■ **Work request**
Your task is to output the listing word for word, with pictures excluded.

■ **Given material**
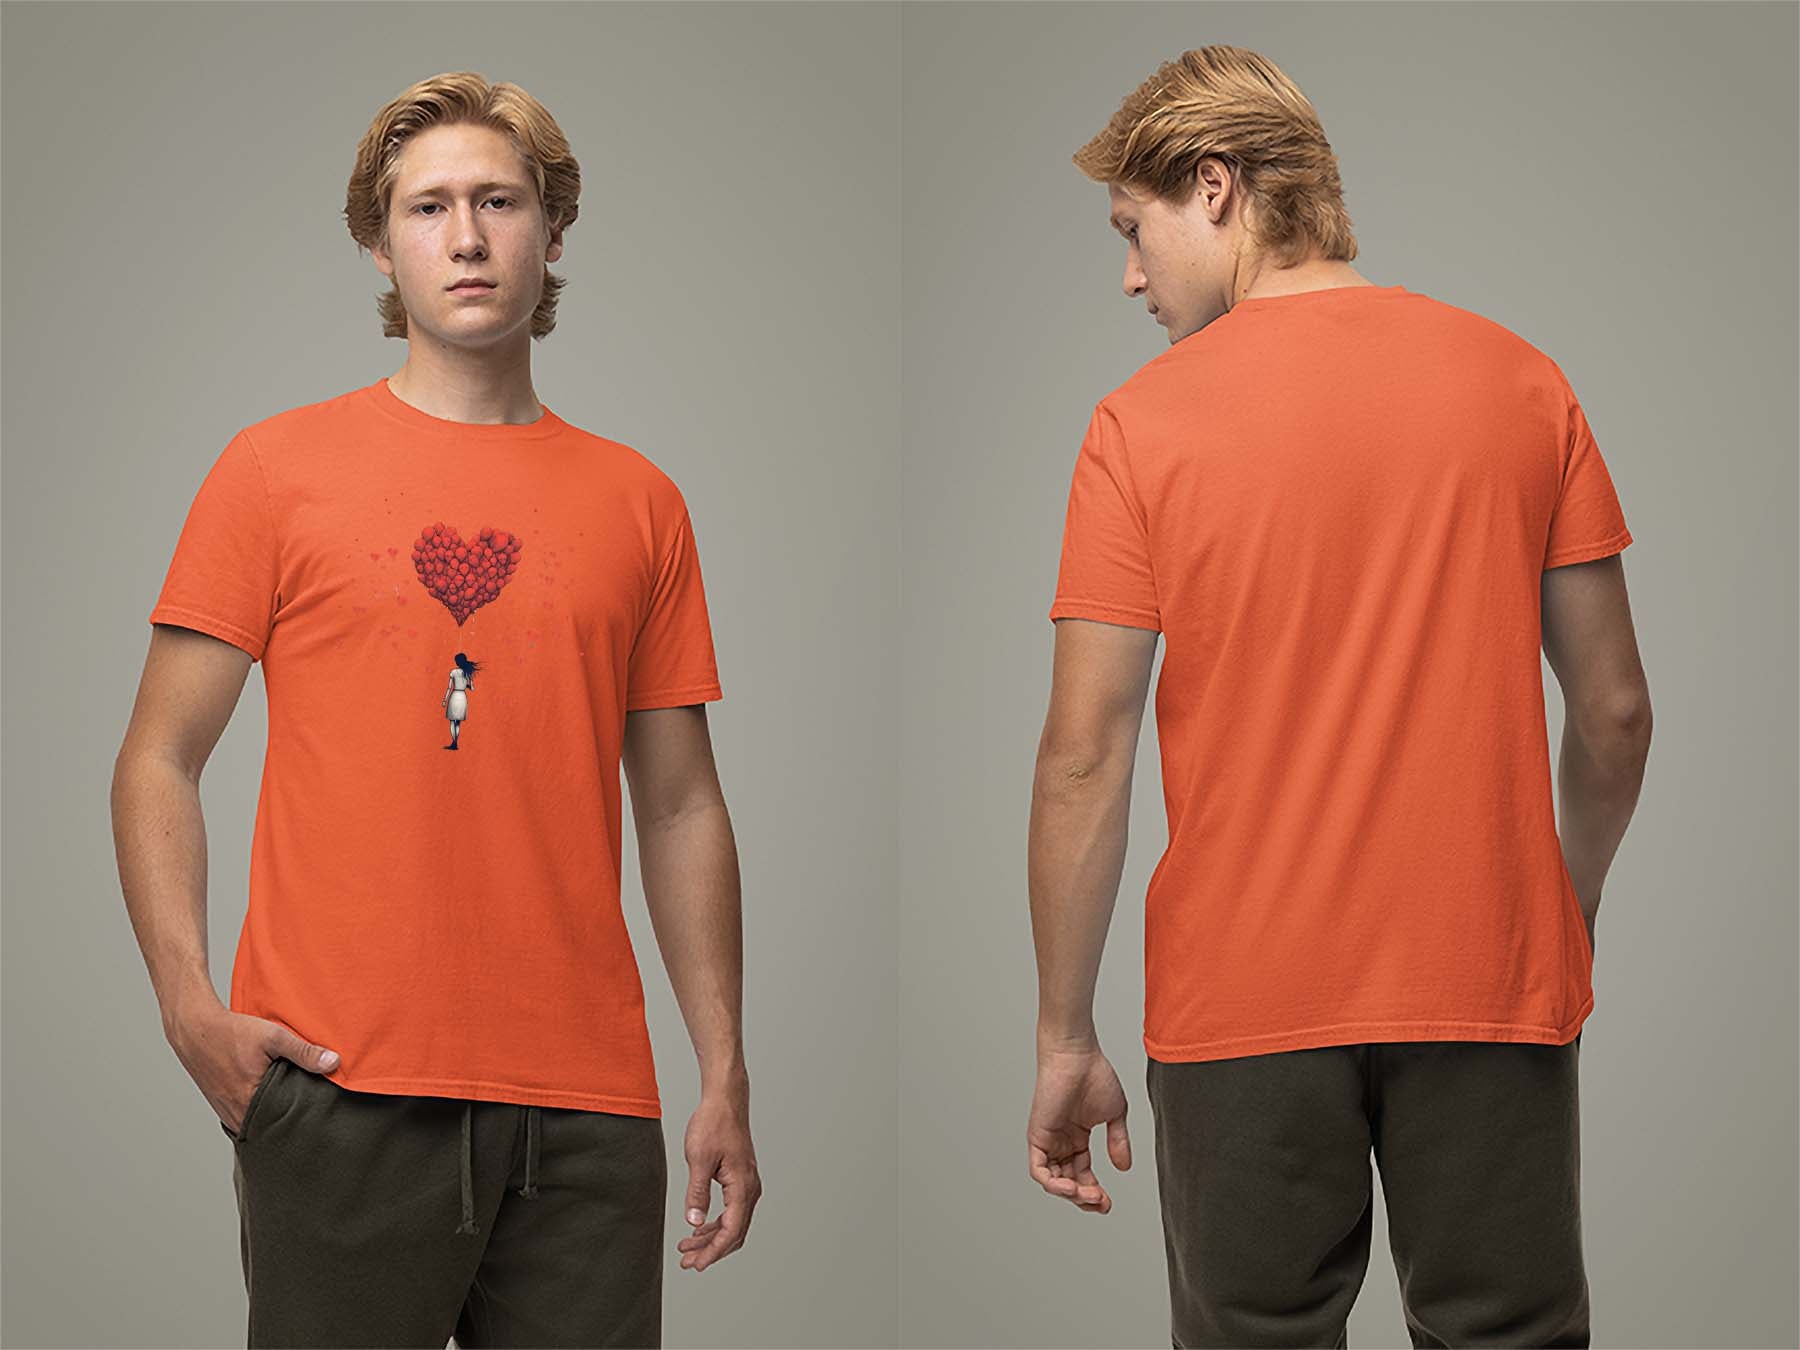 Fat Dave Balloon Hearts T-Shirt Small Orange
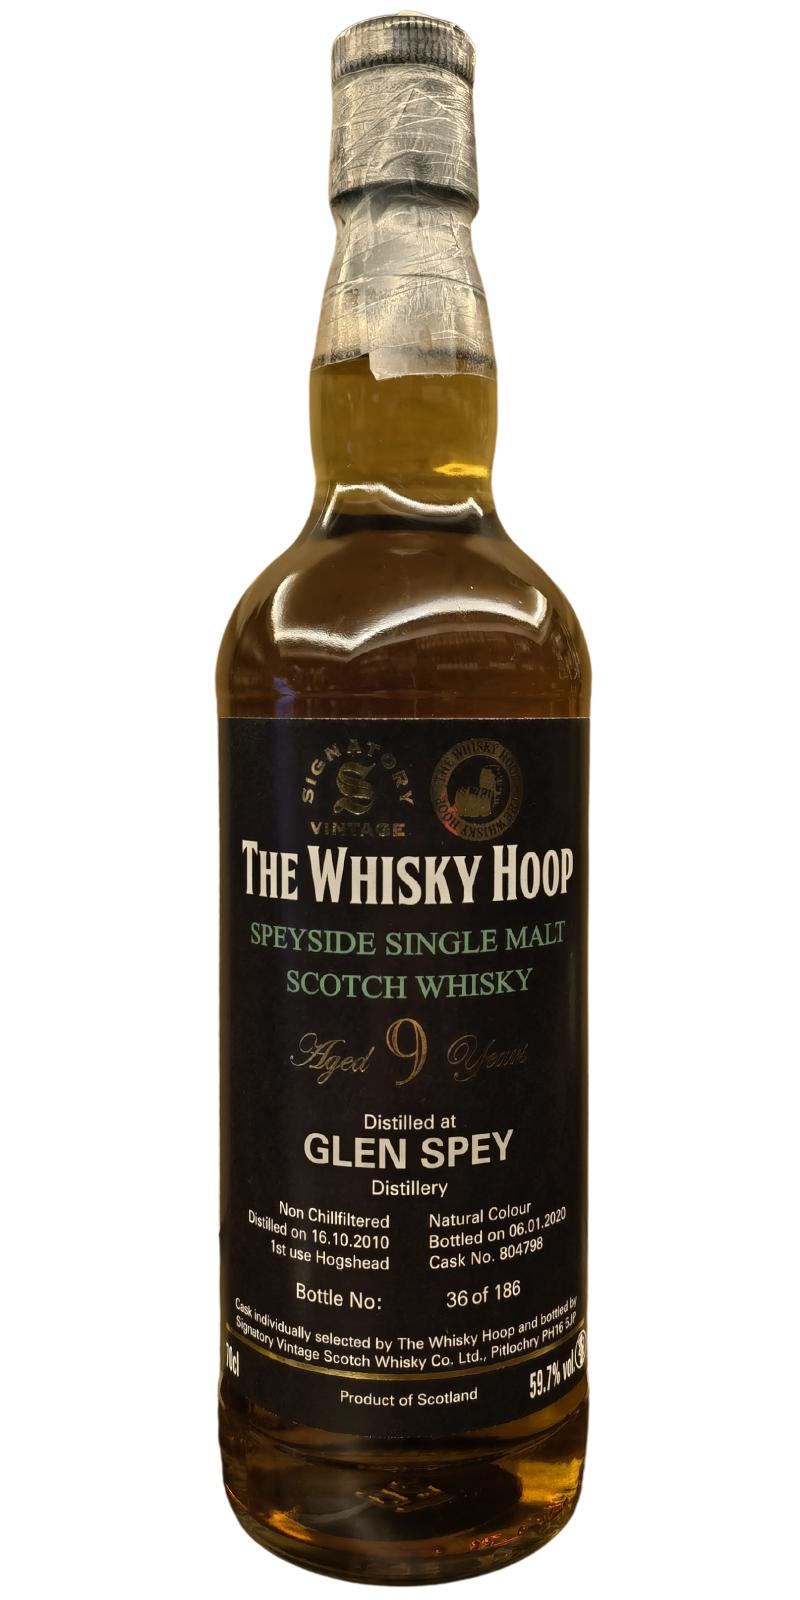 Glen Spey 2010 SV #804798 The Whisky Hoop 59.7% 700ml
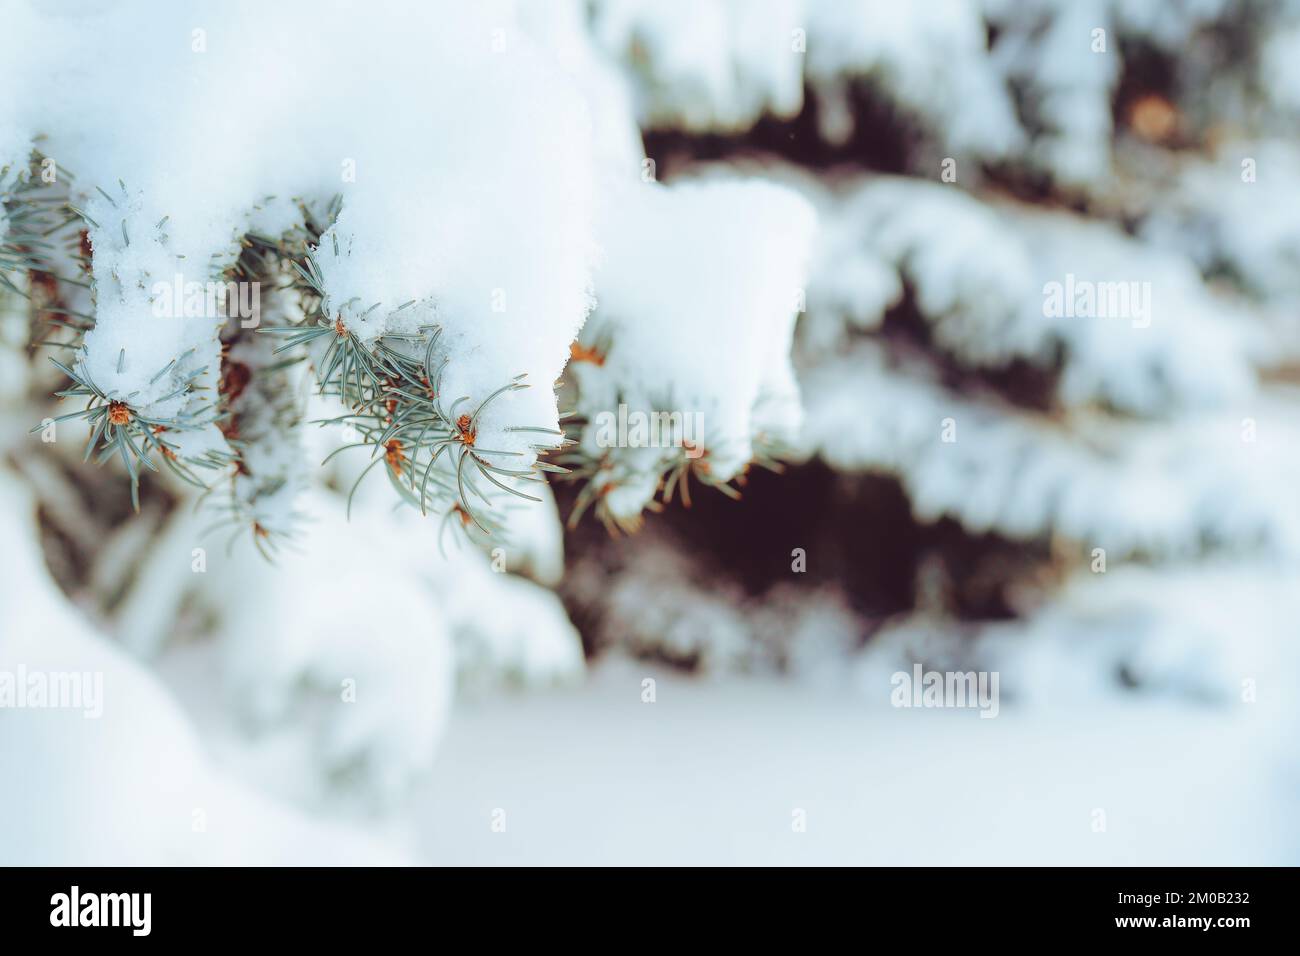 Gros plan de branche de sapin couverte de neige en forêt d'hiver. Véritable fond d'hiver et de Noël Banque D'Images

■ **Reply**
 Fat Dave Balloon Hearts T-Shirt Small Orange
 Glen Spey 2010 SV #804798 The Whisky Hoop 59.7% 700ml
 Gros plan de branche de sapin couverte de neige en forêt d'hiver. Véritable fond d'hiver et de Noël Banque D'Images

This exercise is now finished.